Anna Gorman, Los Angeles Times, July 26, 2009

As Congress moves slowly on immigration reform, President Obama is making numerous policy changes in enforcement and other areas that are designed to shift priorities and boost confidence in the administration as it lays the groundwork for possible legislation.

Most of the changes are being driven by Homeland Security Secretary Janet Napolitano and are primarily aimed at illegal immigrants with criminal records and employers who hire undocumented workers. Napolitano is working with lawmakers to develop a strategy for comprehensive legislative reforms.

In the meantime, she is “taking steps to ensure enforcement is conducted wisely and well,” said White House spokesman Nick Shapiro.

The recent administrative changes include:

* New guidelines directing immigration agents to target employers who hire illegal immigrants rather than simply arresting undocumented employees.

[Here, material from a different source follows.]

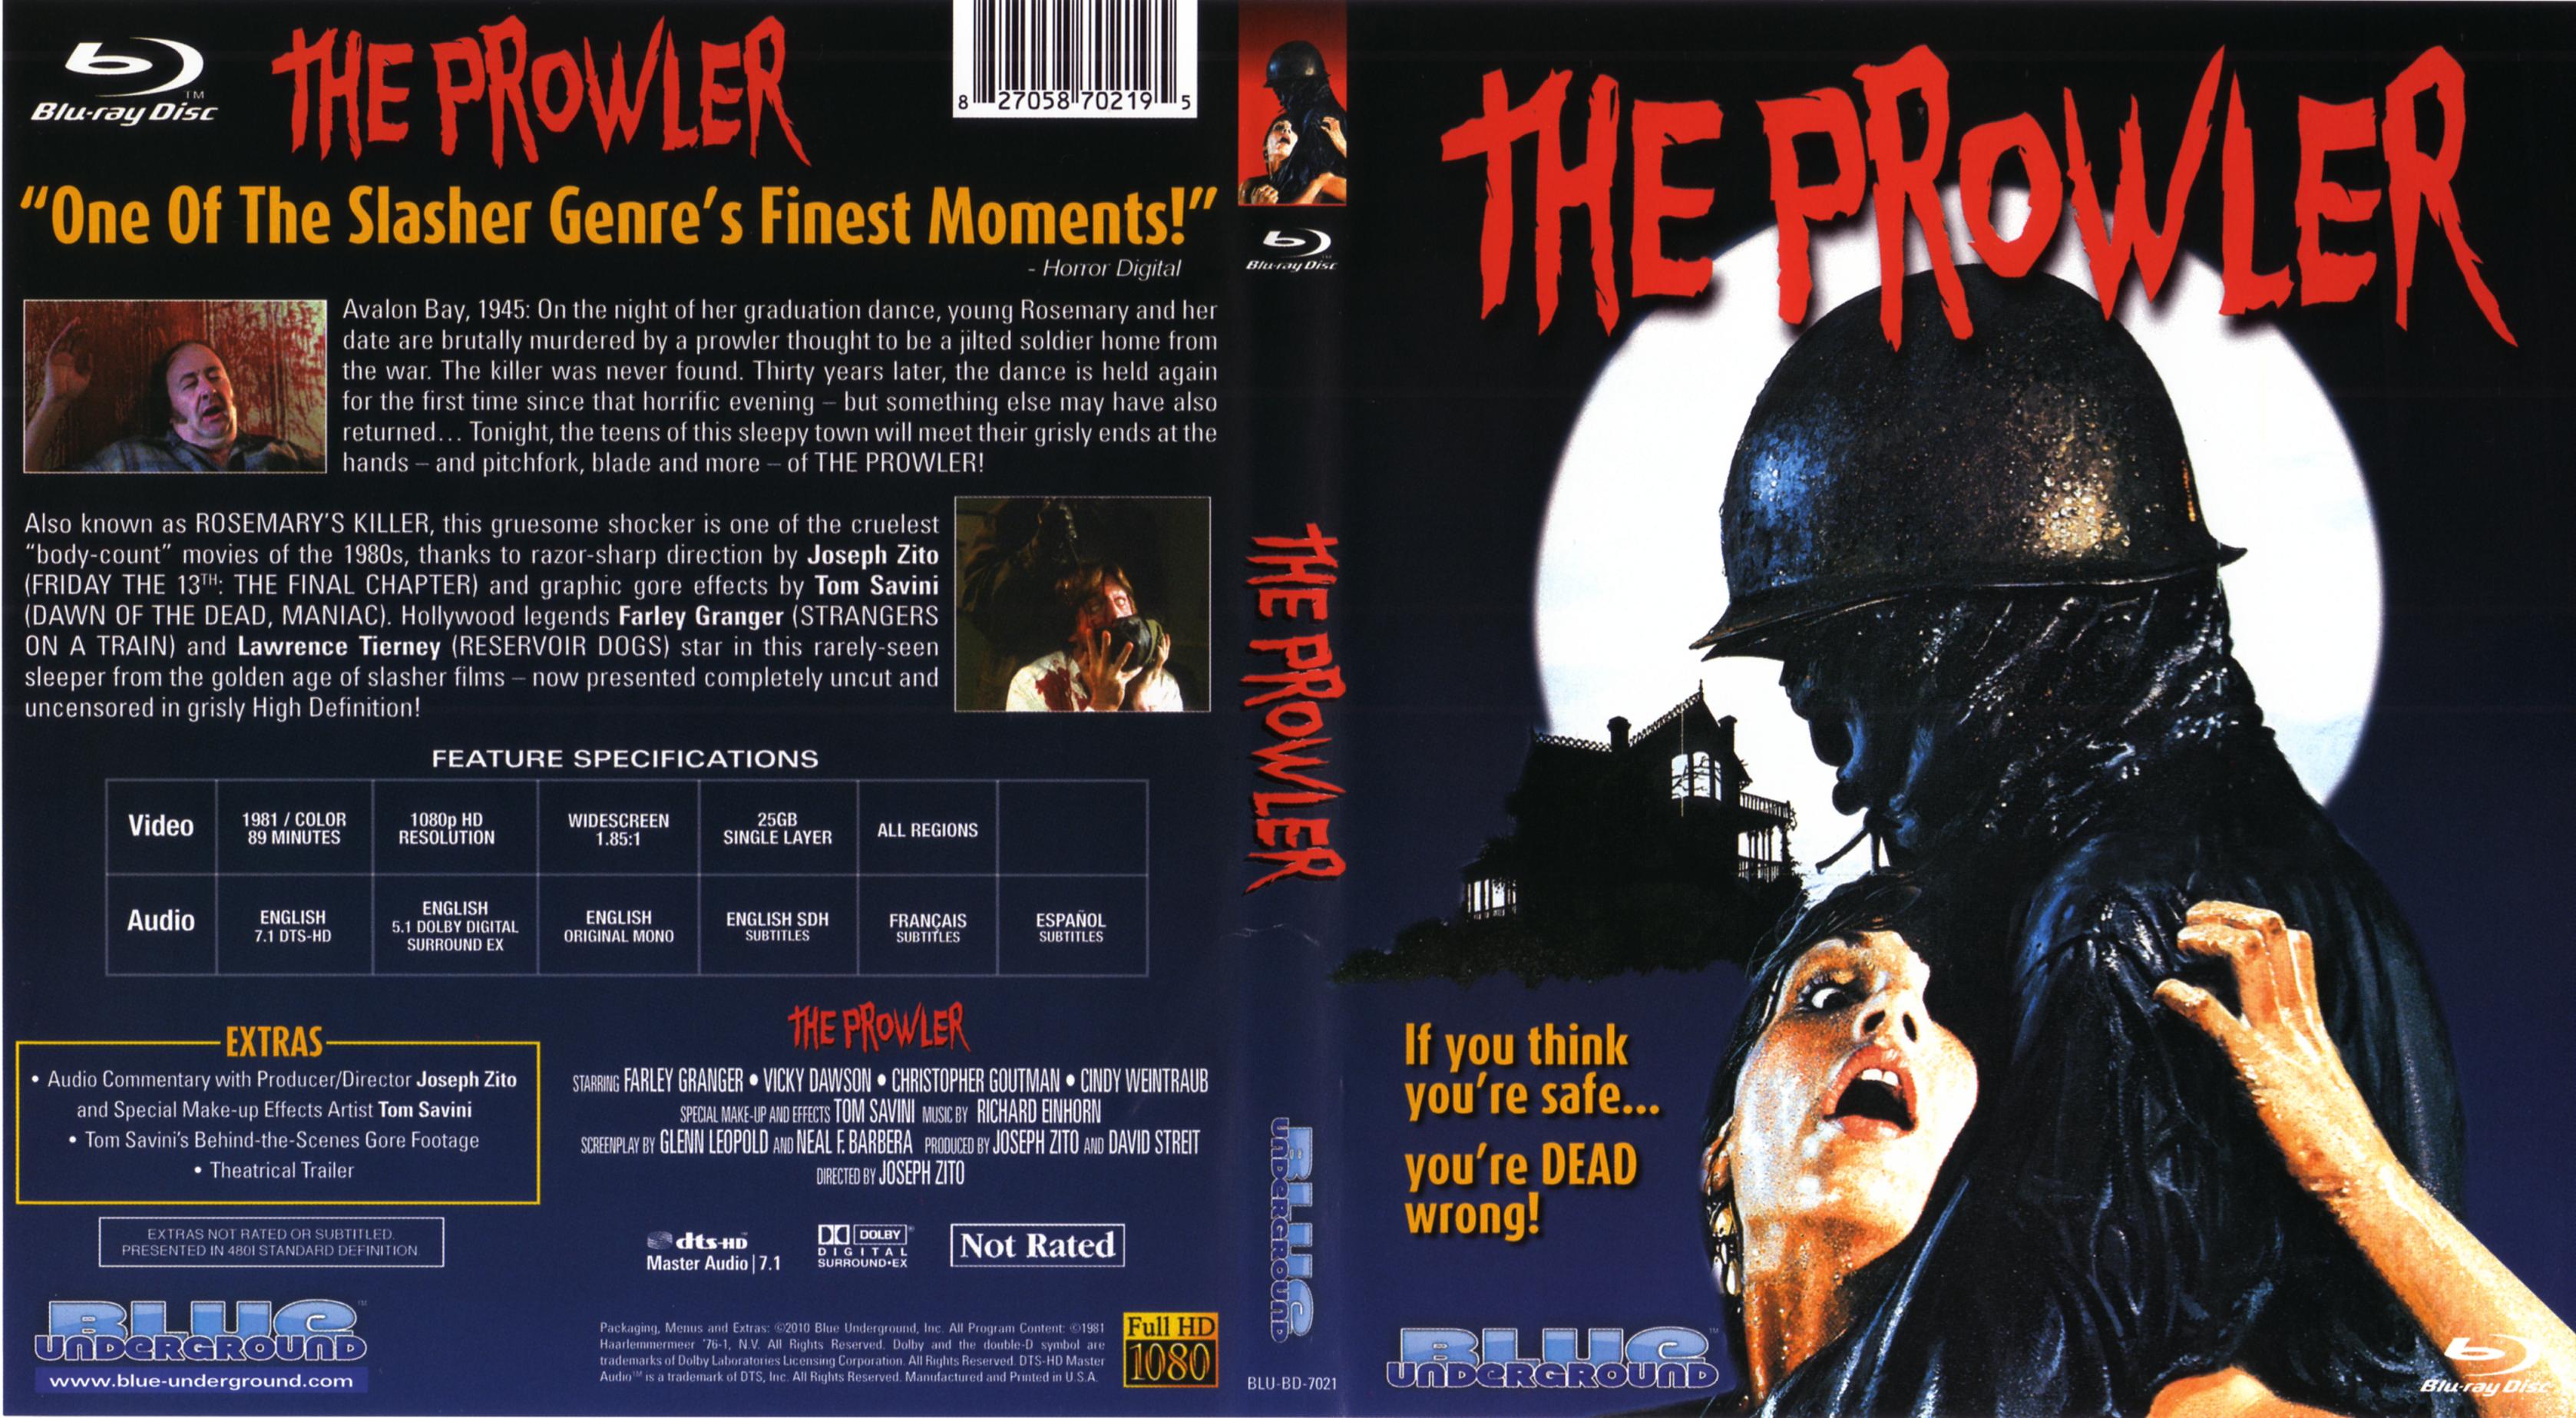 Jaquette DVD The Prowler (BLU-RAY) Zone 1

* A requirement that all local police agencies deputized to check immigration status and turn criminals over for possible deportation sign new agreements pledging to focus on those who pose a risk to public safety.

* The implementation of a rule that requires federal contractors to use E-Verify, an online employment-verification program.

* The expansion of a program that uses government databases during the booking process to find illegal immigrants in the nation’s jails.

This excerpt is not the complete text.